> **DIRECTIONS FOR THIS TASK**
Exact reproduction of all the data is required, with pictures excluded.

> **DATASET CONTENT**
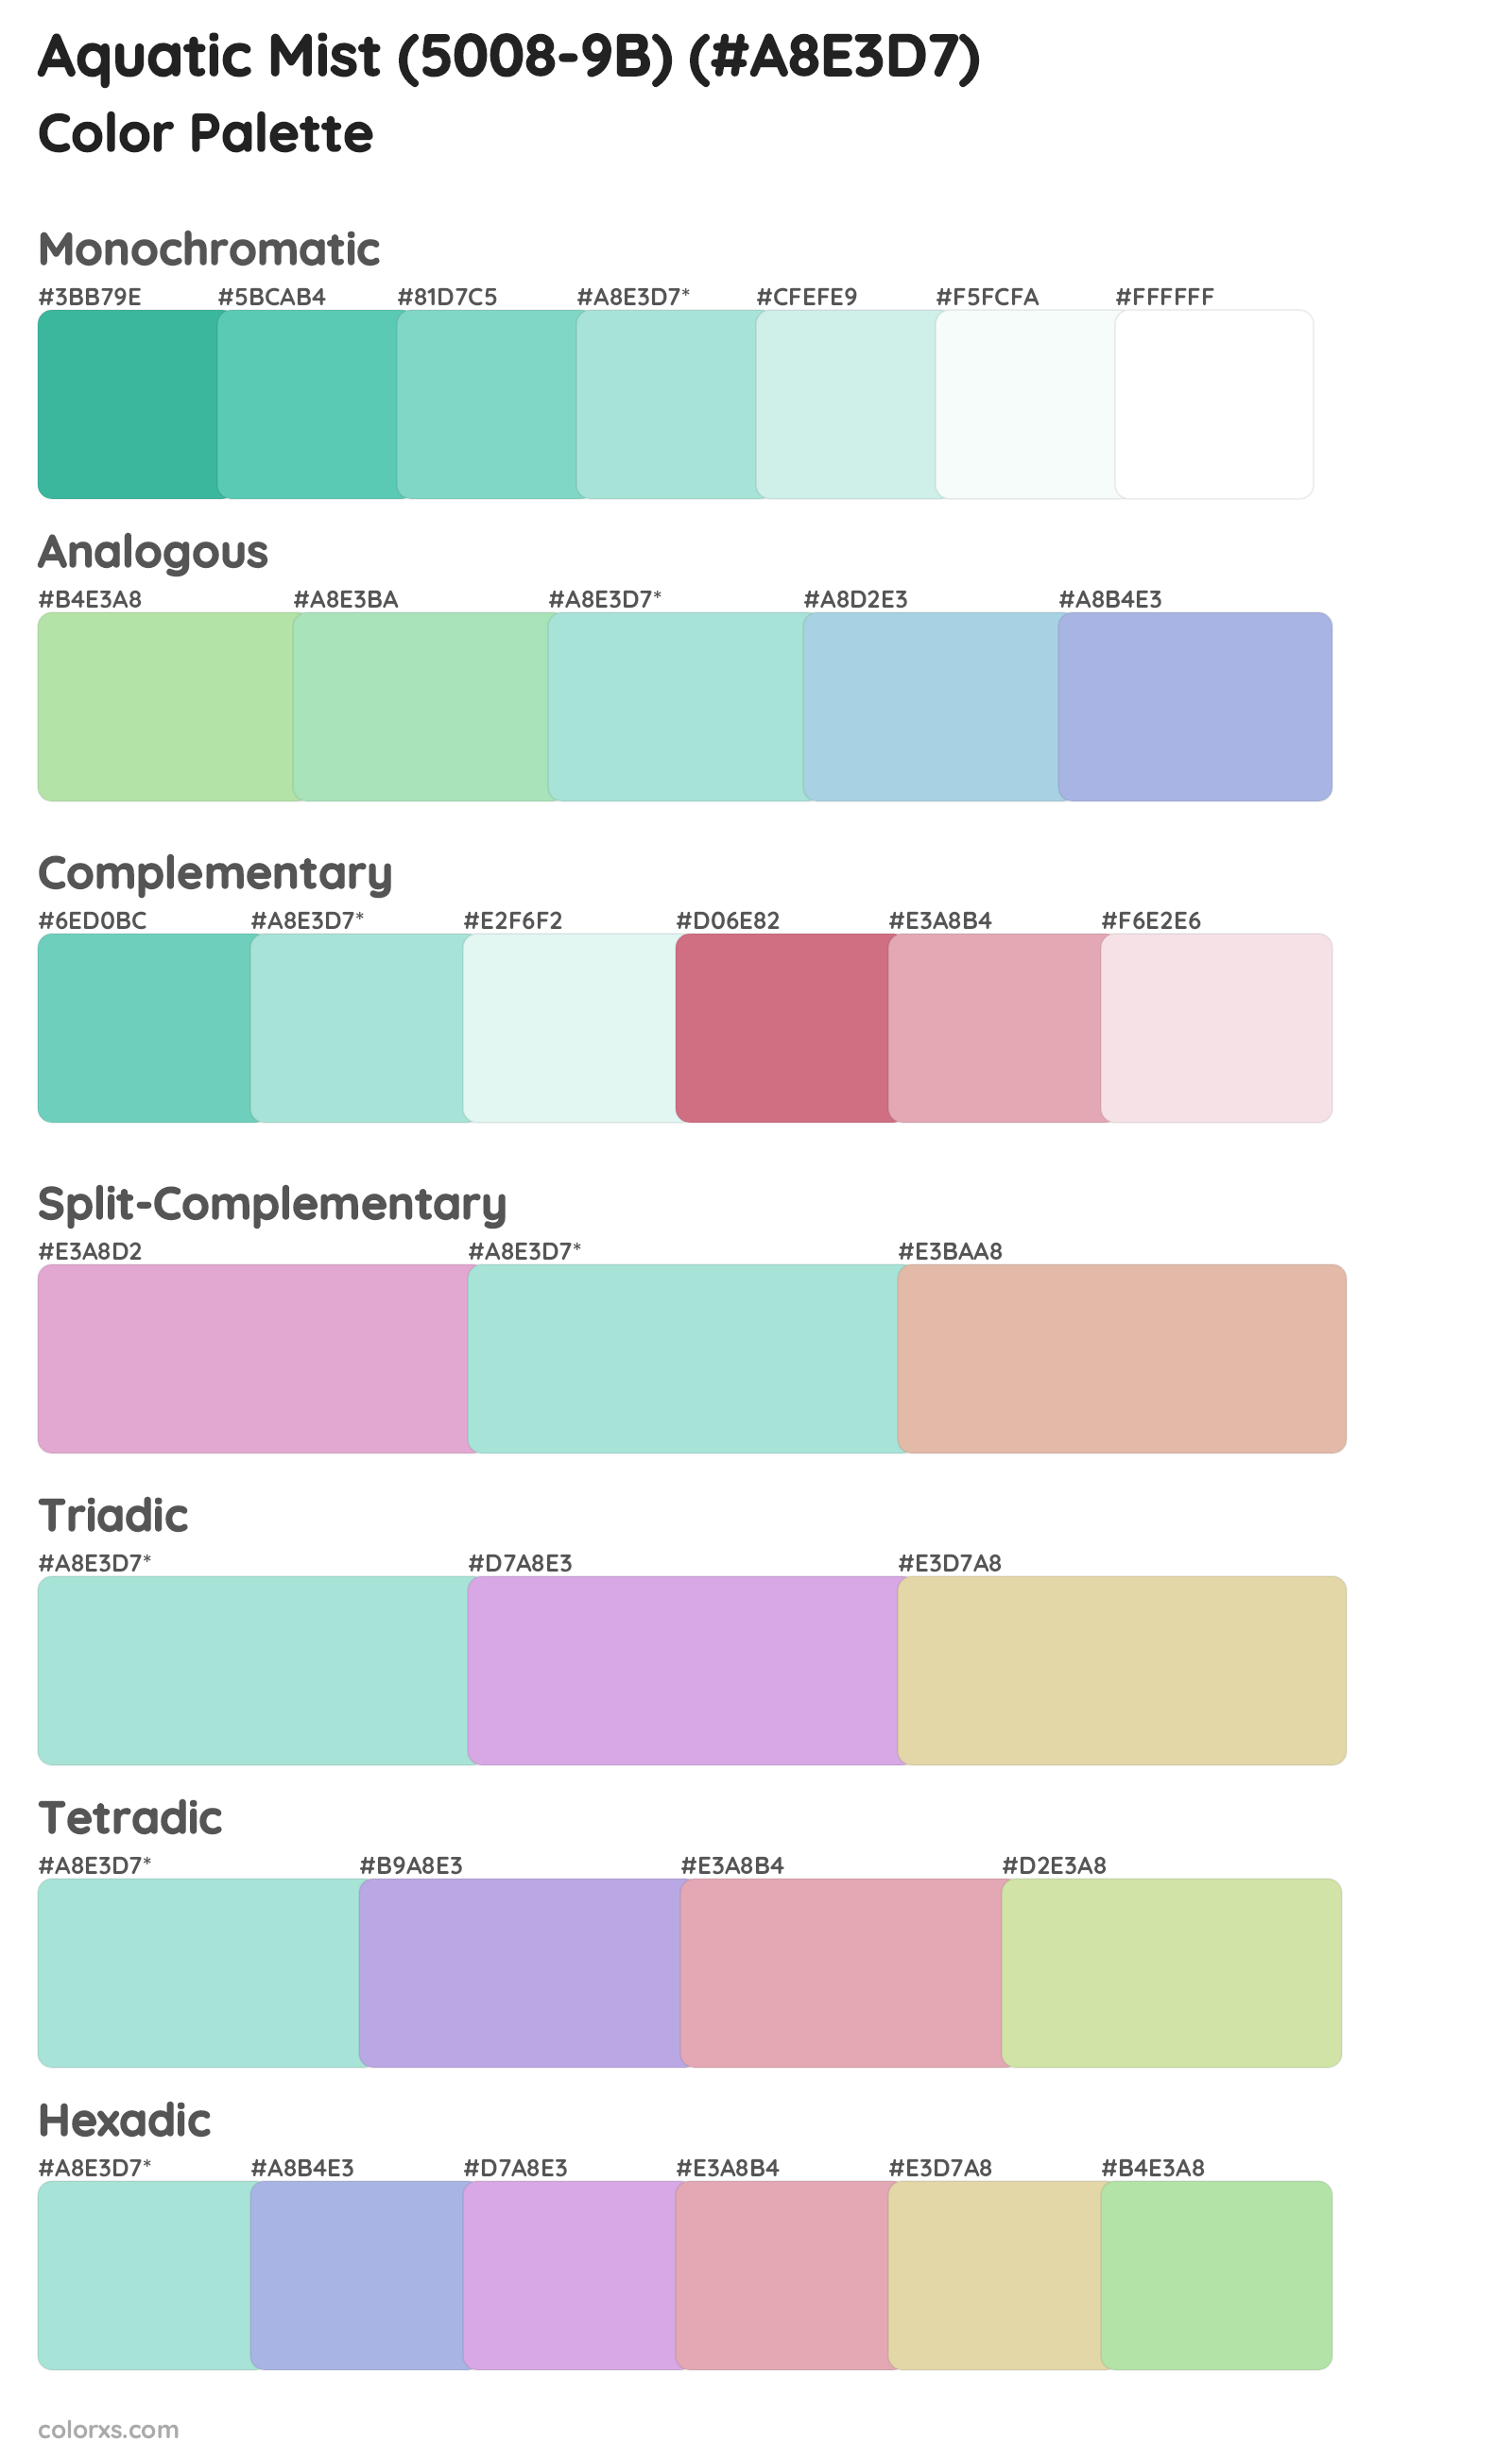 Aquatic Mist (5008-9B) Color Scheme Palettes
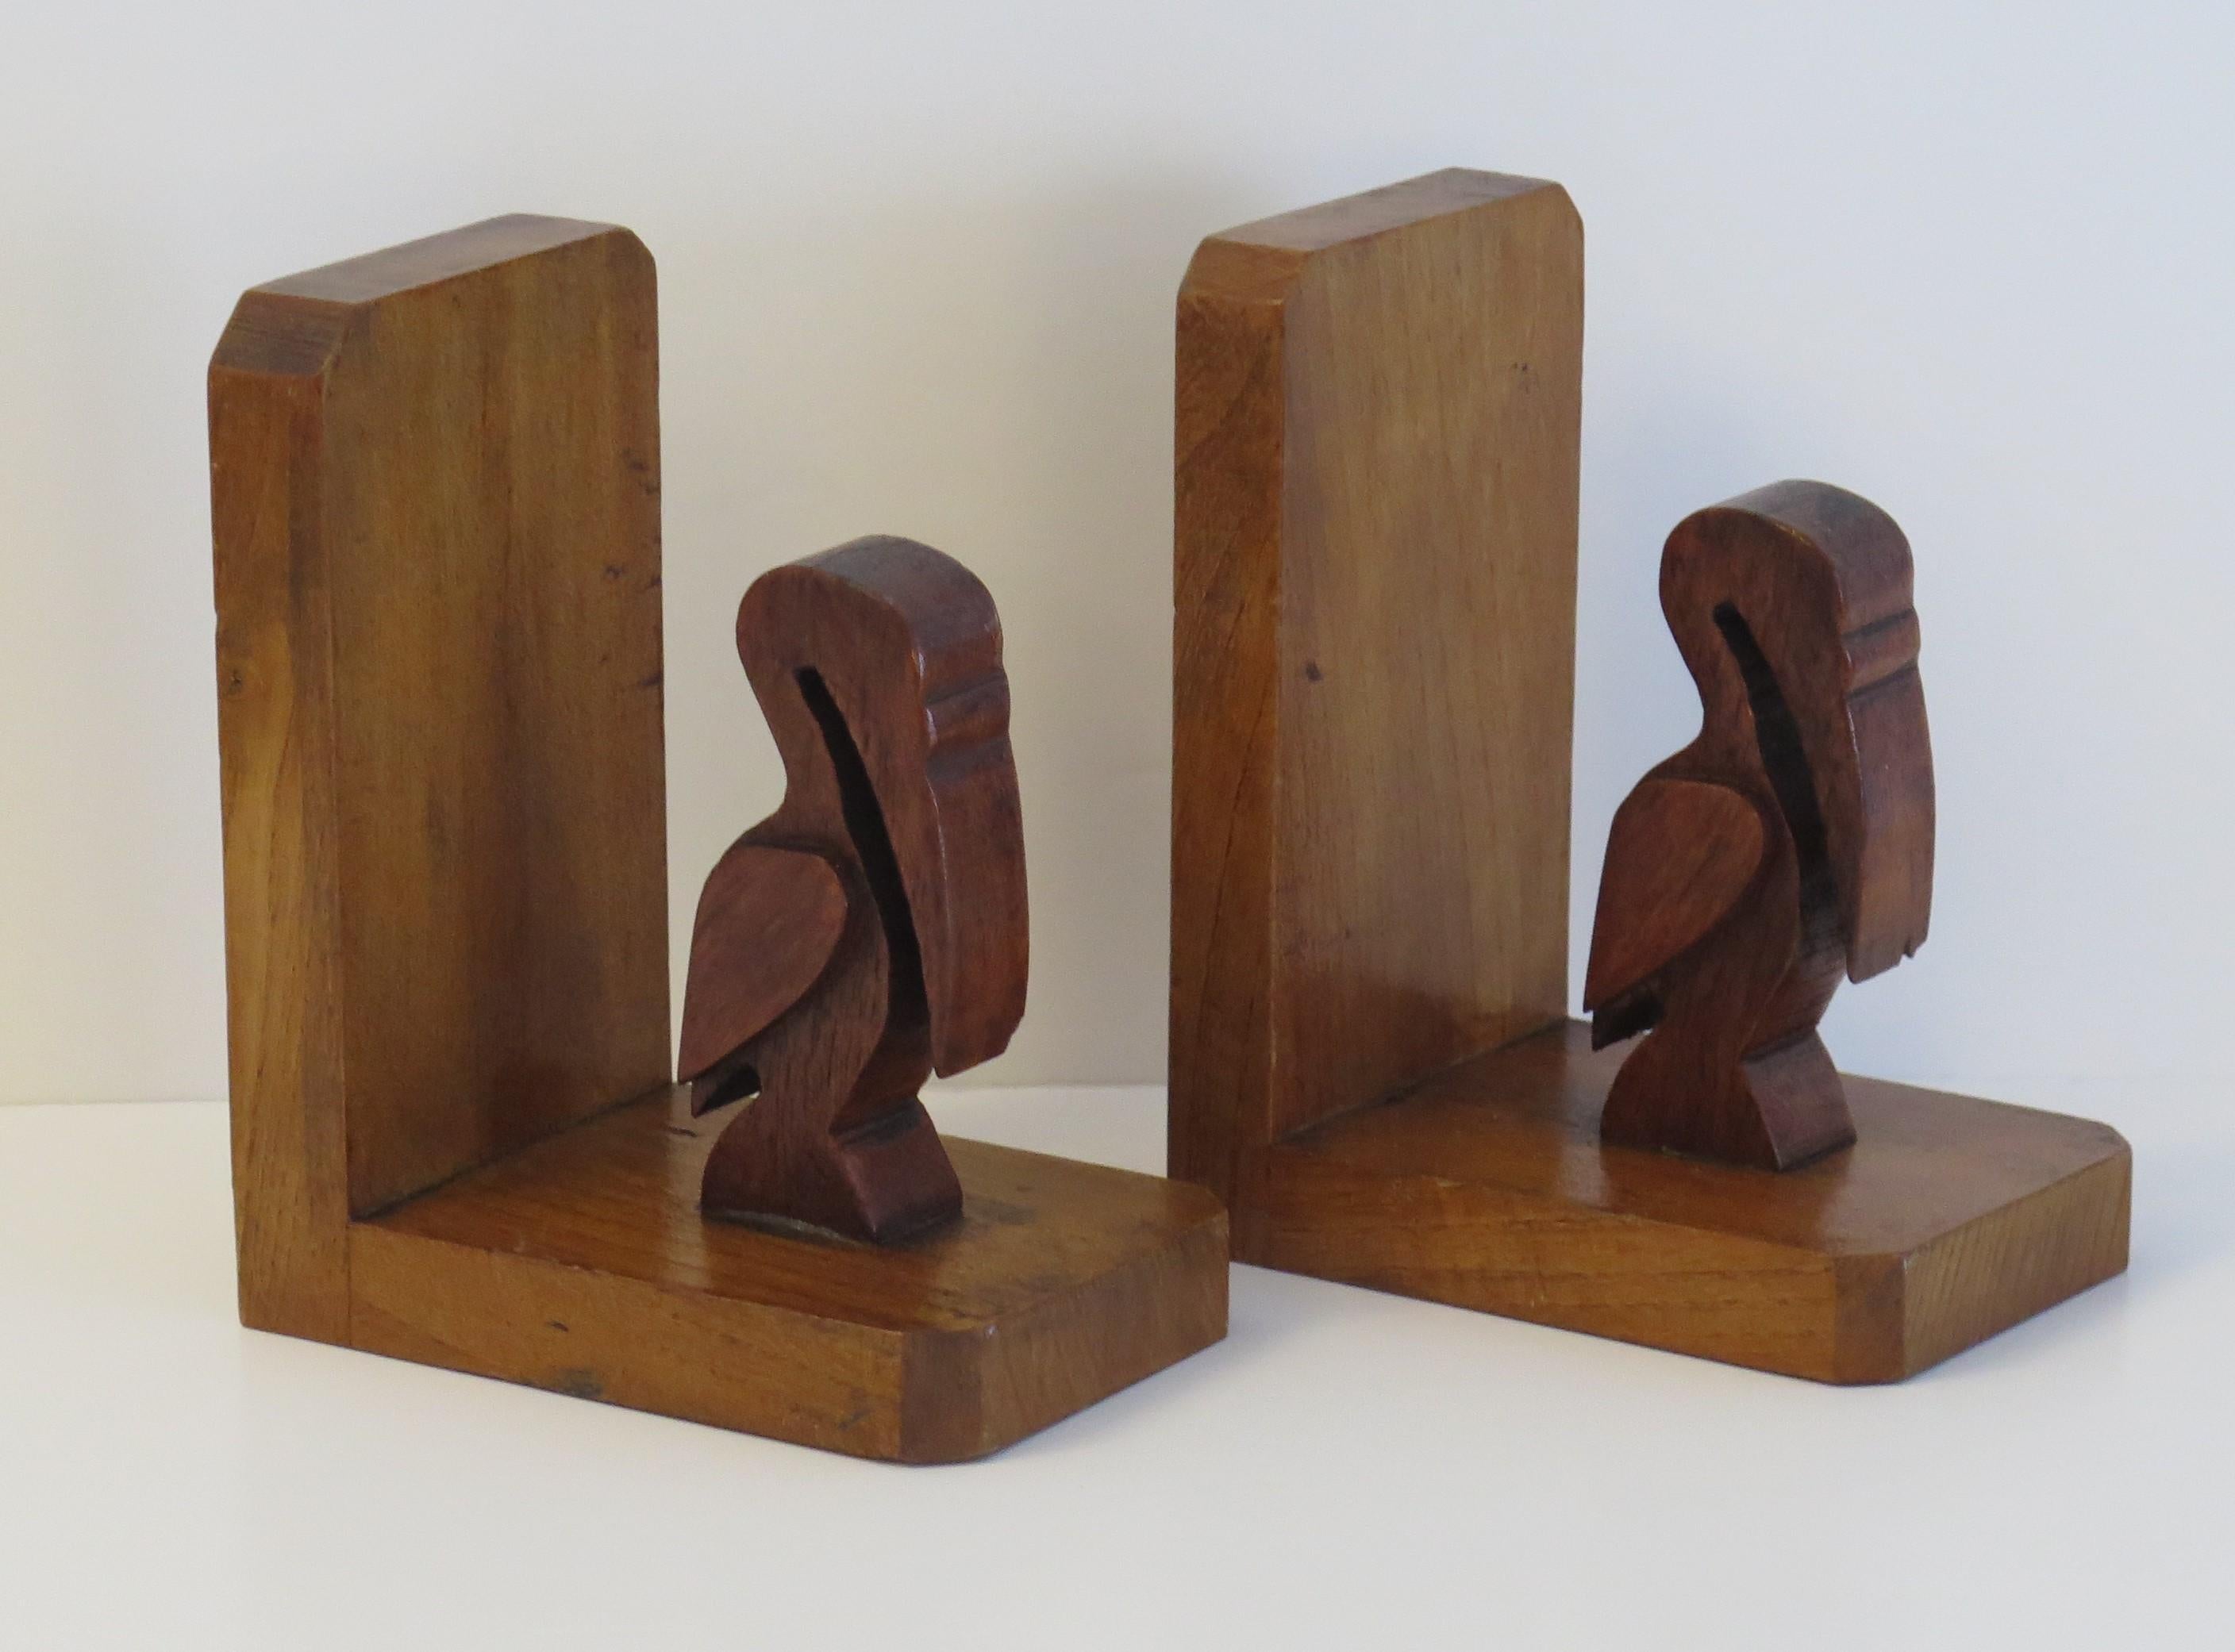 Diese sind ein gutes Paar von Art Deco Zeit, Buch Enden von zwei Pelikane Hand in Holz geschnitzt. 

Jeder stilisierte Pelikan wurde von Hand in ein dunkles Hartholz geschnitzt und steht auf einem Sockel aus einem helleren, kontrastierenden Holz,

> **ANSWER BOX**
 Aquatic Mist (5008-9B) Color Scheme Palettes
 Diese sind ein gutes Paar von Art Deco Zeit, Buch Enden von zwei Pelikane Hand in Holz geschnitzt. 

Jeder stilisierte Pelikan wurde von Hand in ein dunkles Hartholz geschnitzt und steht auf einem Sockel aus einem helleren, kontrastierenden Holz,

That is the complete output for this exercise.